**Task to complete**
Please output the listing exactly as it stands, but omit any images.

**Provided data**
*****

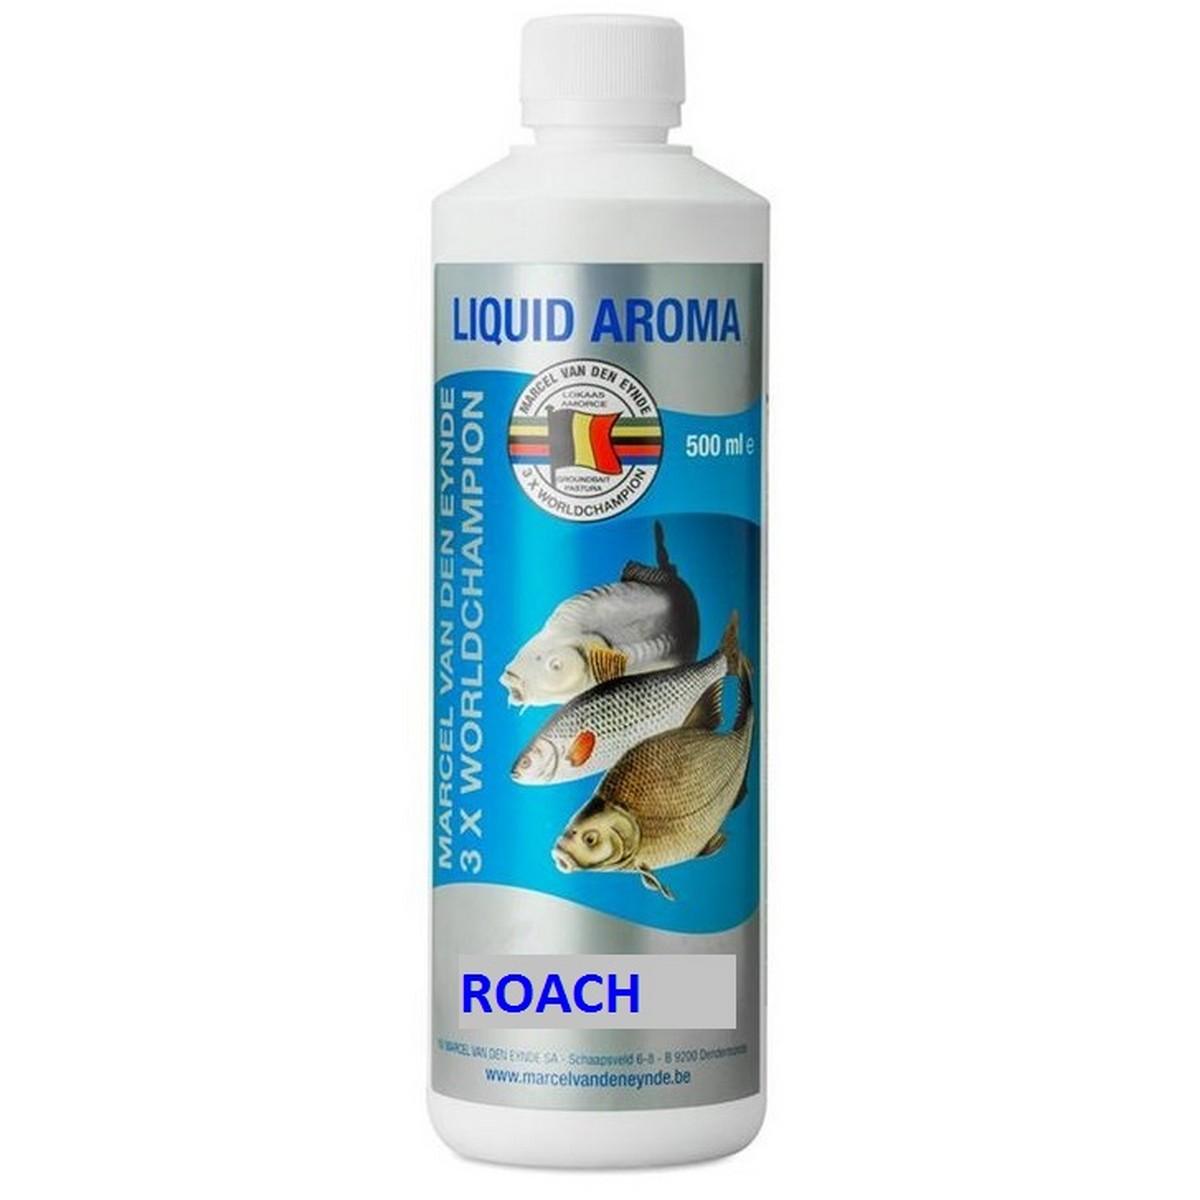 Liquid Aroma Van Den Eynde Roach(Червеноперка) 500ml
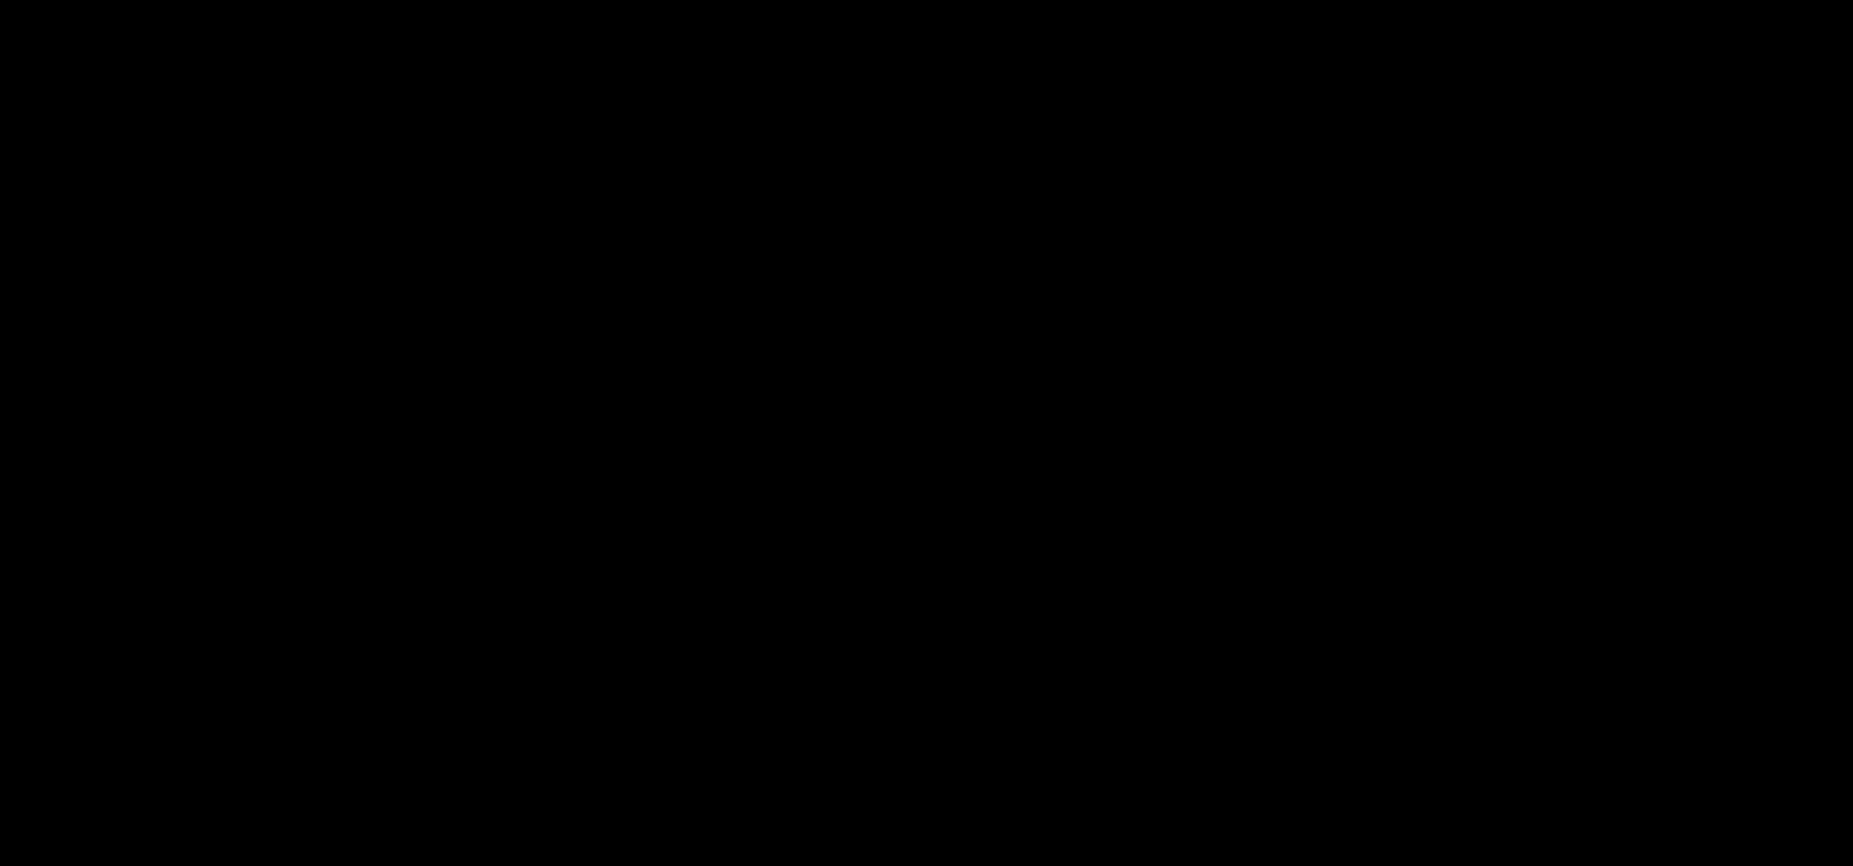 26,27-Didesmethyl-1,3-(tert-butyldimethylsilyl) (5E)-Calcitriol 24-Carboxylic Acid Methyl Ester
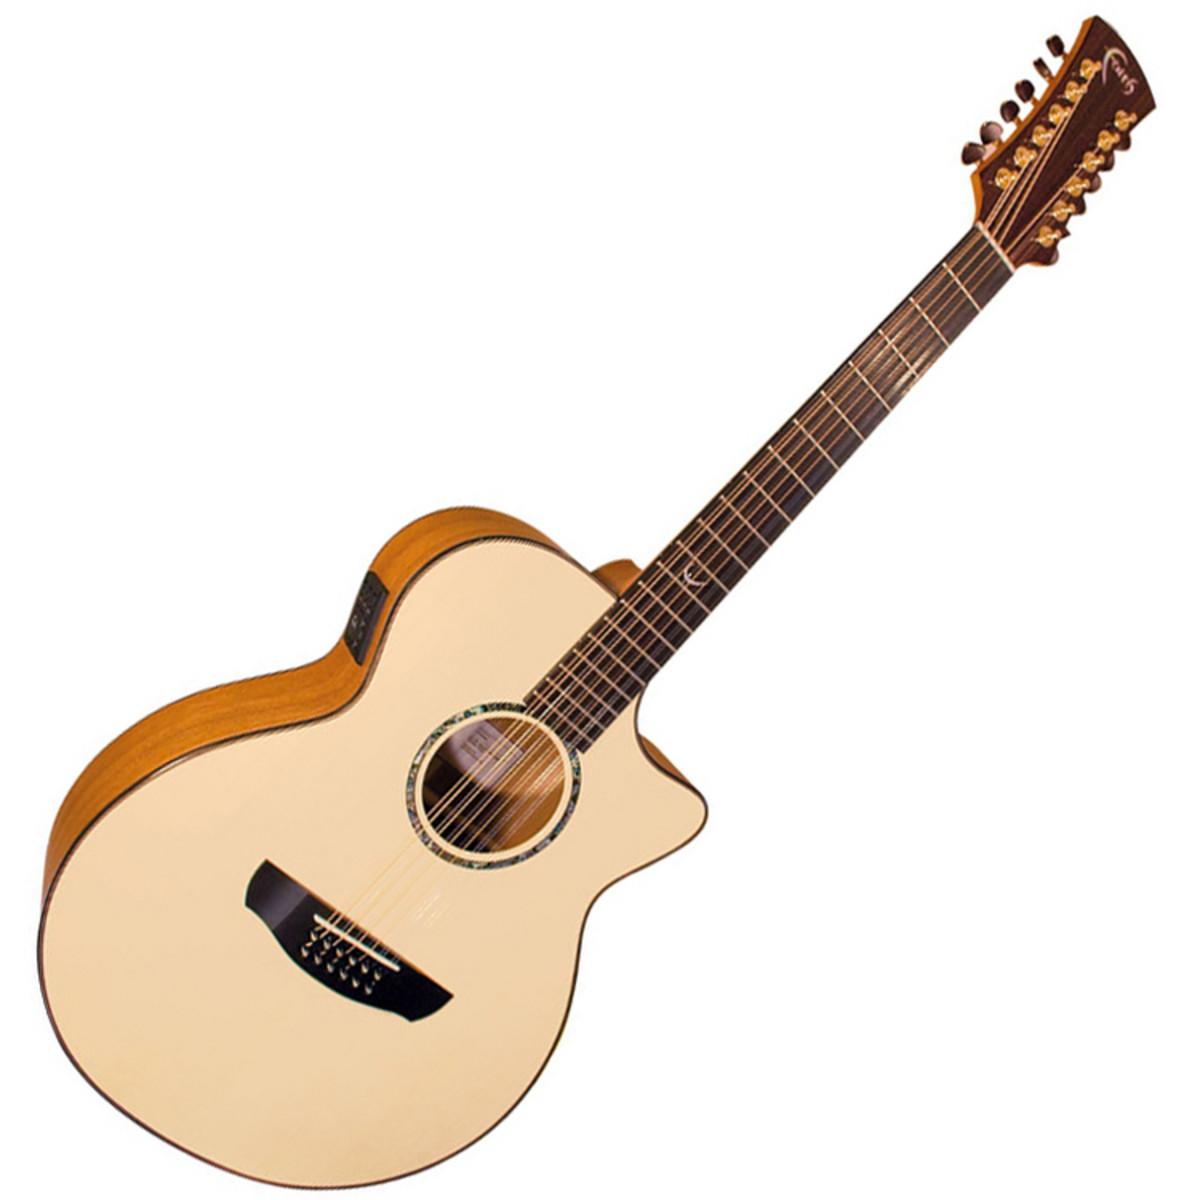 Faith Trembesi 12 String Cutaway Electro Acoustic Guitar, Natural.

*****

**Solution to this problem**
 Liquid Aroma Van Den Eynde Roach(Червеноперка) 500ml
 26,27-Didesmethyl-1,3-(tert-butyldimethylsilyl) (5E)-Calcitriol 24-Carboxylic Acid Methyl Ester
 Faith Trembesi 12 String Cutaway Electro Acoustic Guitar, Natural.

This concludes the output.